A city councillor has warned that Dublin City Council (DCC) is at risk of repeating the disastrous Public-Private Partnership (PPP) failures of the past, with a new multi-county ‘bundle’ approach to developing public land.
Cllr. Éilis Ryan (Workers’ Party, Dublin North Inner City) was speaking ahead of tonight’s (April 3rd) city council meeting, which will consider a proposal to grant the council’s Chief Executive authority to establish a PPP for the development of multiple sites of public land across Dublin, Louth, Wicklow and Kildare.
Cllr. Ryan said
Dublin City Council management appear to be under to the illusion that, simply because they are leasing rather than selling their land to a private developer, the collapse of Public-Private Partnerships we witnessed in the past will not happen.
However, retaining nominal ownership of the land does not change the fact that, as soon as a private developer faces financial difficulties, the city council – and all those awaiting council housing – will be burned yet again. No technicality in the world can prevent this from happening.
The Workers’ Party will be proposing an amendment to the initiative at tonight’s meeting, which calls for a state company to be established to develop the sites in question.
Cllr.

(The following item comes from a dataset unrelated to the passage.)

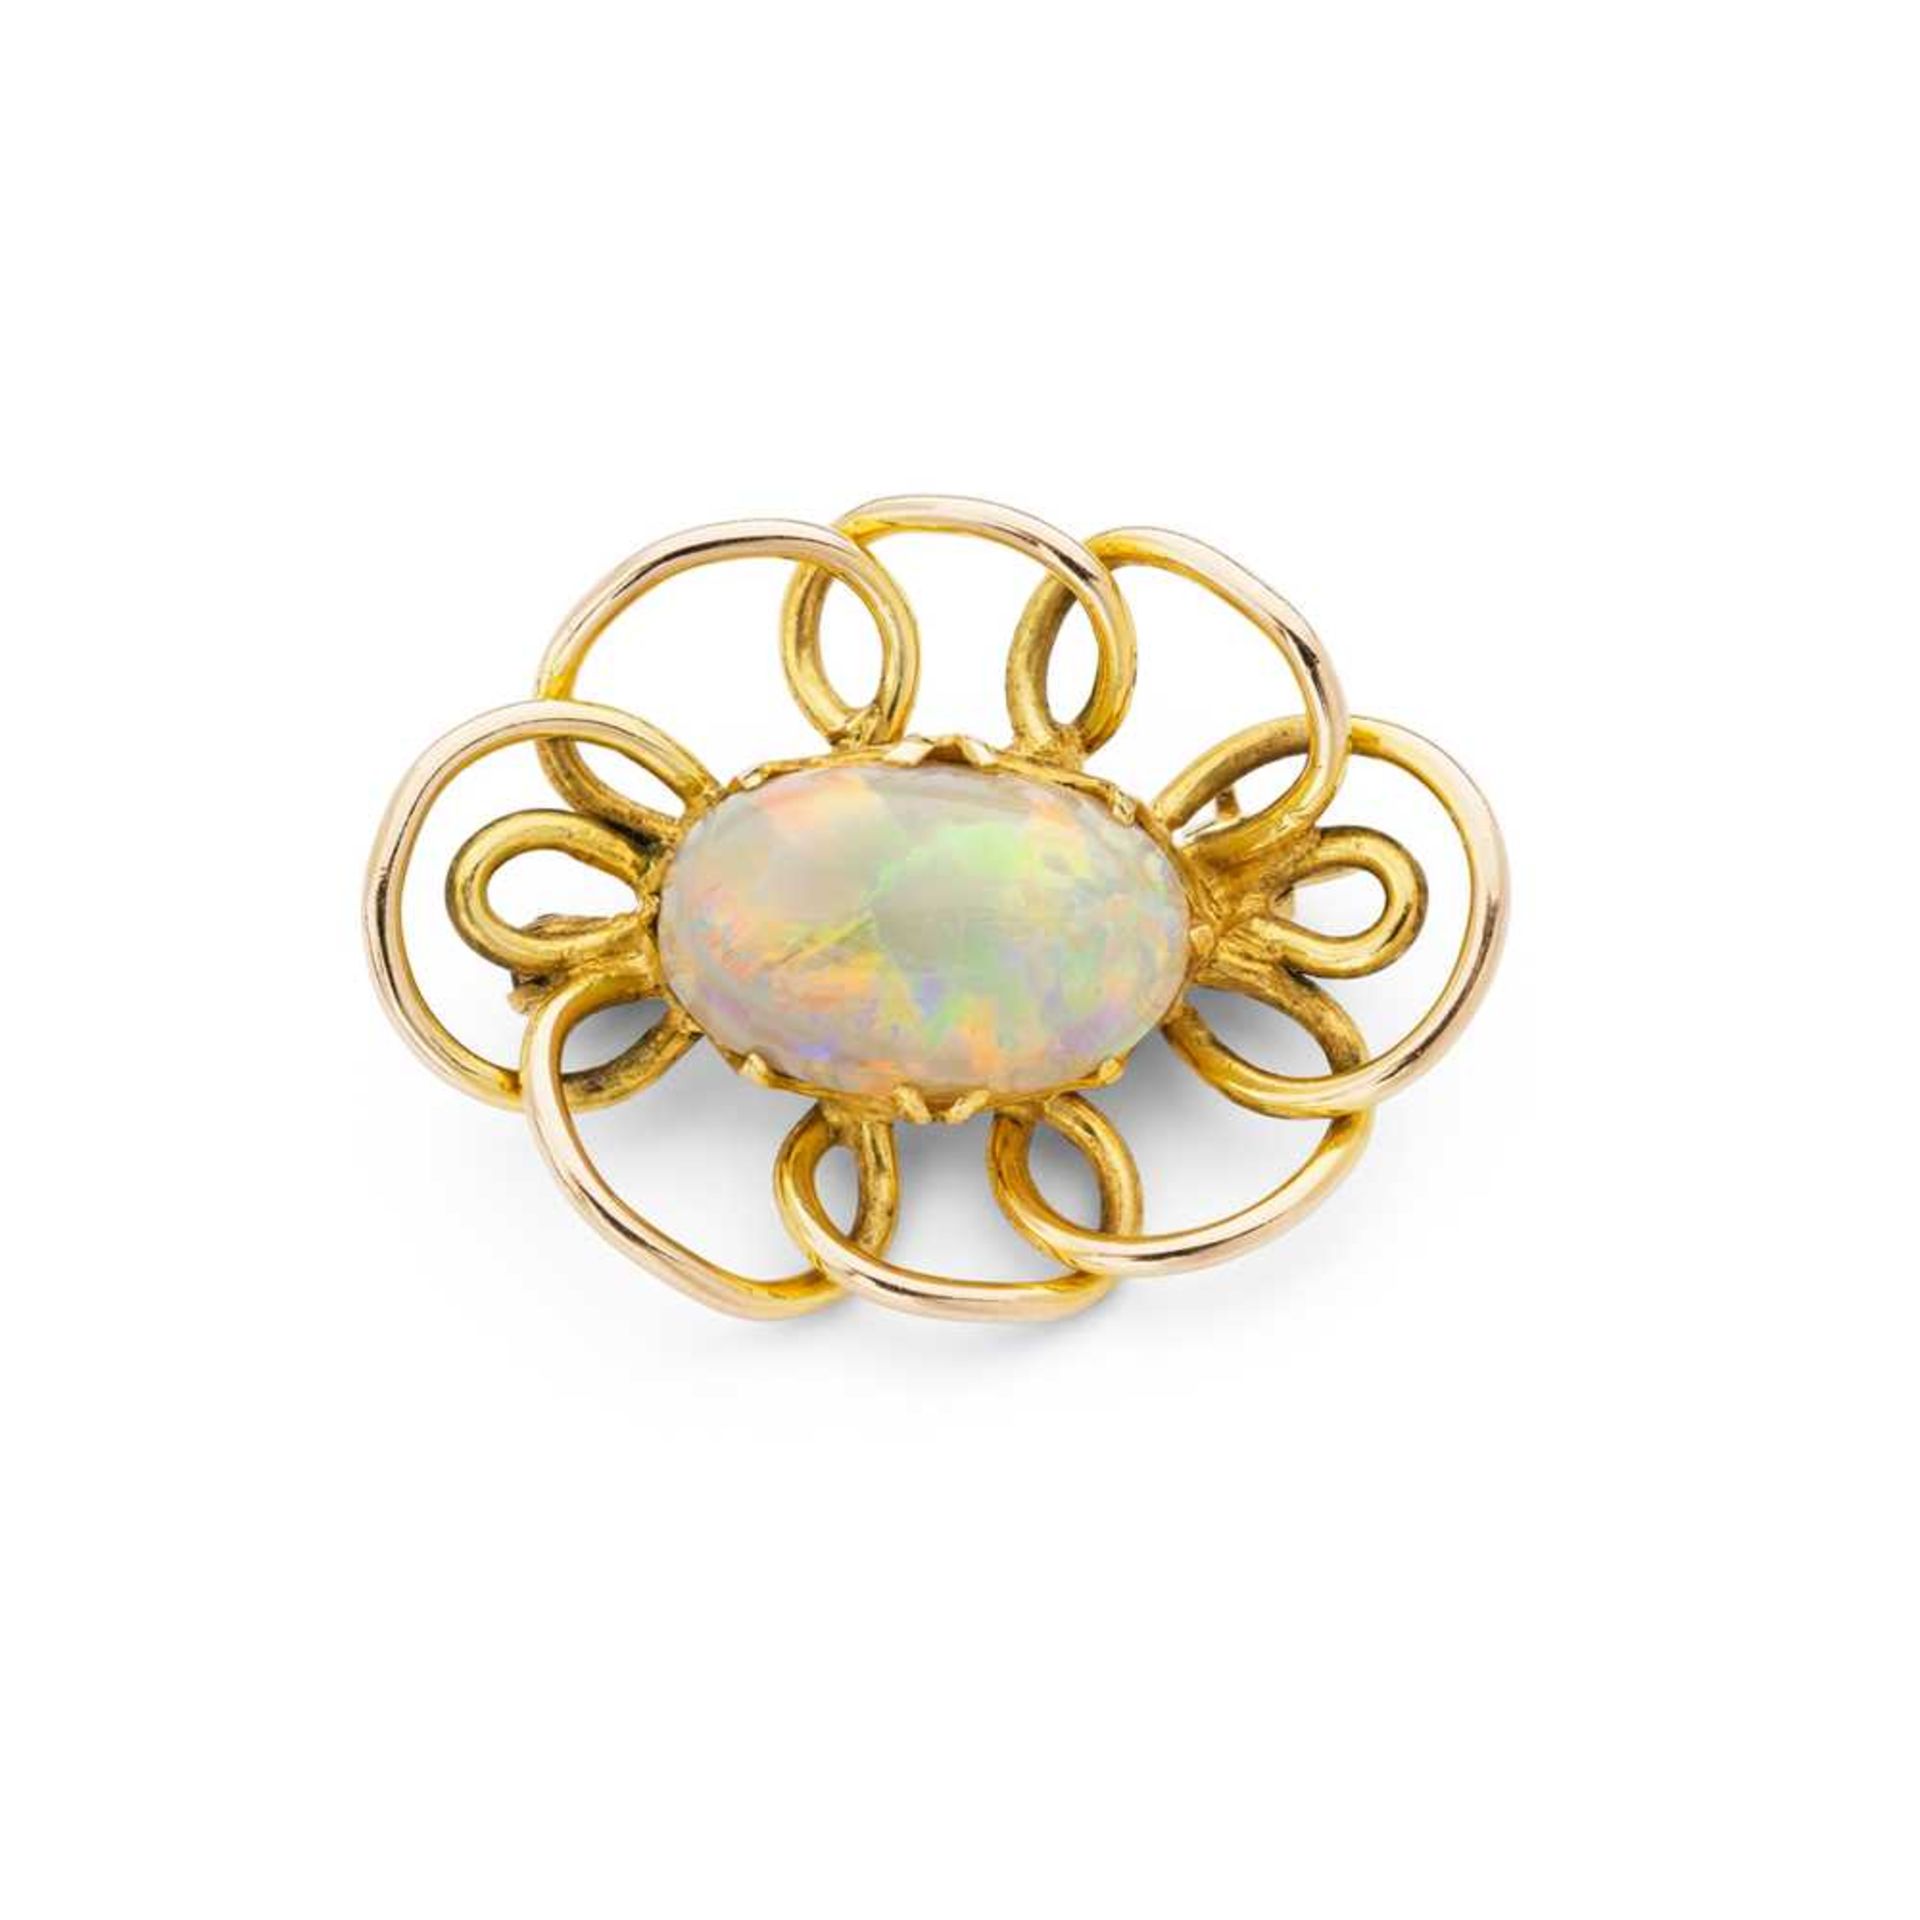 An opal brooch

Ryan said:
Last week, a report from the Nevin Institute provided clear evidence that is entirely feasible to establish a state company which can borrow off balance sheet. Given this is the justification for the PPPs in question, why not take the public approach?
I am asking councillors to take a step back and consider all the available options – most importantly the possibility of developing our own land ourselves – before committing to yet another risky private venture.
Full text of the amendment proposed by the Workers’ Party
In relation to Report 96/2017 (Report on a Proposed Section 85 Agreement Regarding the Provision of Social Housing via a Public Private Partnership under the Social Housing Strategy 2020);
– The council notes that EU debt rules do not automatically consider public borrowing to be ‘on balance sheet’ if done by a commercially viable state or semi-state company
– The council notes the failure of the government to explore the possibility of establishing a state or semi-state company capable of borrowing off balance sheet to build housing
– The council furthermore notes that such public, state companies play a vital role in the provision of social housing in numerous European countries, and their borrowings are not automatically considered on balance sheet
– The council recognises the negative role of the private sector in PPPs in the provision of housing in Dublin
– The council furthermore recognises the broad support for enabling middle-income households to avail of public housing, thereby increasing the state’s ability to repay any borrowings associated with public housing through higher rental streams.
Therefore, the council recommends that the following amendment be made to the motion recommended by the Chief Executive in Report 96/2017
To insert the following sentence at the end of the motion:
“Dublin City Council furthermore commits to exploring fully the possibility, and reporting back to city councillors, on the option of establishing a state company with borrowing capacity which could fulfil the role of “project-company” in the above-outlined PPP initiative, ahead of tendering any non-state/private project company.”